Do matches actually burn off fart smells?

John Hopton for redOrbit.com – Your Universe Online

Let’s be honest, farting isn’t all bad. It can be (should be) a source of amusement, no matter what age you are. Or if you’re not in a humorous mood, you can use your partner’s farting as a source of righteous indignation and superiority. “How can you possibly be right about which mortgage to choose when you can’t even control your own sphincter?”

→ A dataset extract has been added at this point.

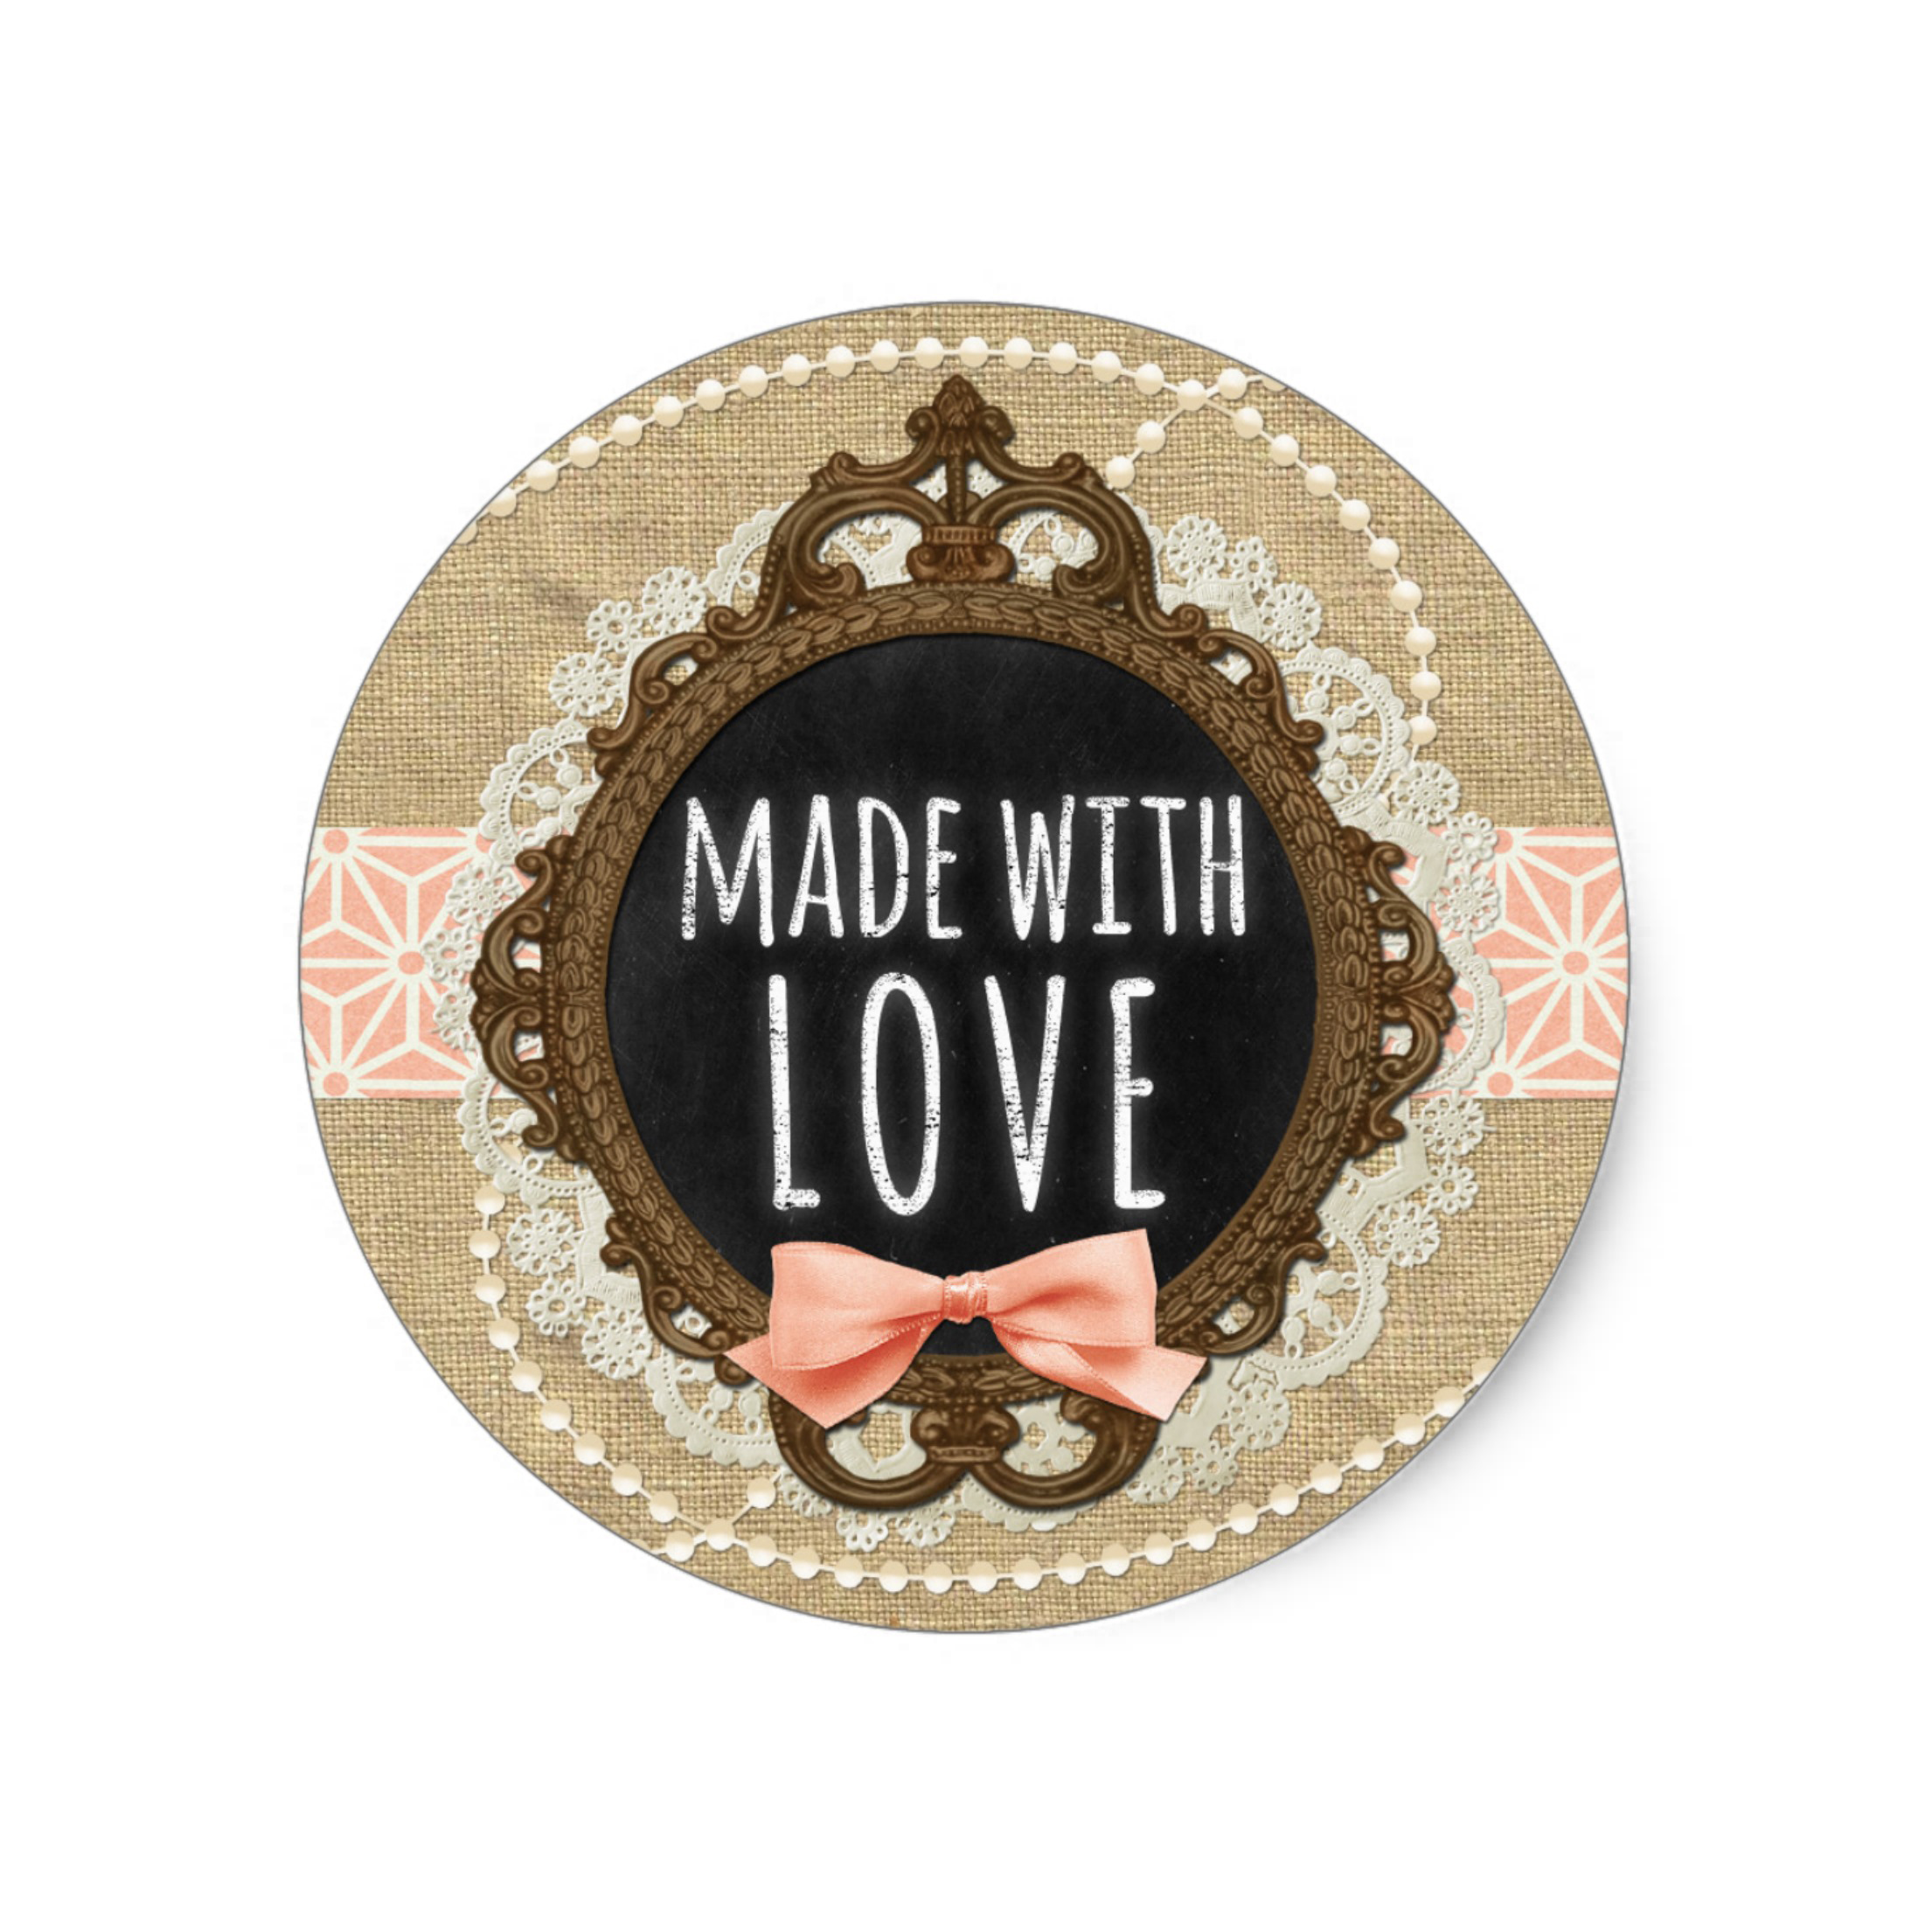 handmade_with_love_chalkboard_product_packaging_classic_round_sticker-redf74a37f3984e47bb2aba690f7c16cf_v9waf_8byvr_512

But on those occasions when we simply want the whole sorry incident to be over and the smell to be quickly banished, help is at hand. Happily, it is true that lighting a match is a quick and efficient way to get rid of fart smells. Assuming, of course, that you keep matches lying around for this or some other purpose – it would be a hell of a hefty release if it was still lingering after you had been to the store.

The smell in farts comes from hydrogen sulphide (sulphur), which can be burned away and decomposed into other, less offensive elements. Sulphur will ignite at around 250 degrees Celsius, which luckily is around the same as the ignition temperature of phosphorus–the ingredient in a match head. Another stroke of good fortune is that when sulphur breaks down into water vapor and sulphur dioxide, the sulphur dioxide smells the same as a burnt match, leaving other smellers believing that there is no trace of the bodily gas left at all.

What caused the offending item in the first place? Scientist Wendy Zukerman from ABC News Australia explains:

A fart (or flatus in the science terminology) is gas from our intestines. Gas gets into our intestine through several sources: when we swallow air, the chemical reactions in our guts (from when we breakdown food), and gas made from bacteria living in our intestine. How the gas entered our belly (and out of our bottom) will determine what type of chemicals our fart is made of, and how badly the fart smells. Flatus that came to our intestine from the air we swallow is mostly made of nitrogen (because the oxygen in air is absorbed by the body before it gets into the gut). Farts made from gas in bacteria are mostly made from hydrogen, methane and carbon dioxide.

Methane and hydrogen are flammable gases, and Wendy says that burning fart gas is just like burning gas on a stove–although presumably she does not advise using it to fry up bacon.

She also tells us that foods jam-packed with sulphur, like cauliflower, eggs and meat, are the prime suspects for a smelly fart, while beans, although notorious as fart-producers, don’t have a lot of sulphur in them, so they actually don’t really cause stinkiness.

It should be noted that there are two reasons why we would want to get rid of a fart. One of them is the fact that the smell is unpleasant, which the match takes care of, but there will also be times when we need to act quickly so that our those around us never knew there was a fart at all, for example on a date. A possible solution here, when your date wonders why you have suddenly struck up a match, is to say “I hold a tiny vigil at this time each day for all the little baby seals killed by trawler fishing.”

Or you could confidently pull out the new phrase: “He who smelt it dealt with it.”

Or you could just stop farting so much, you animal.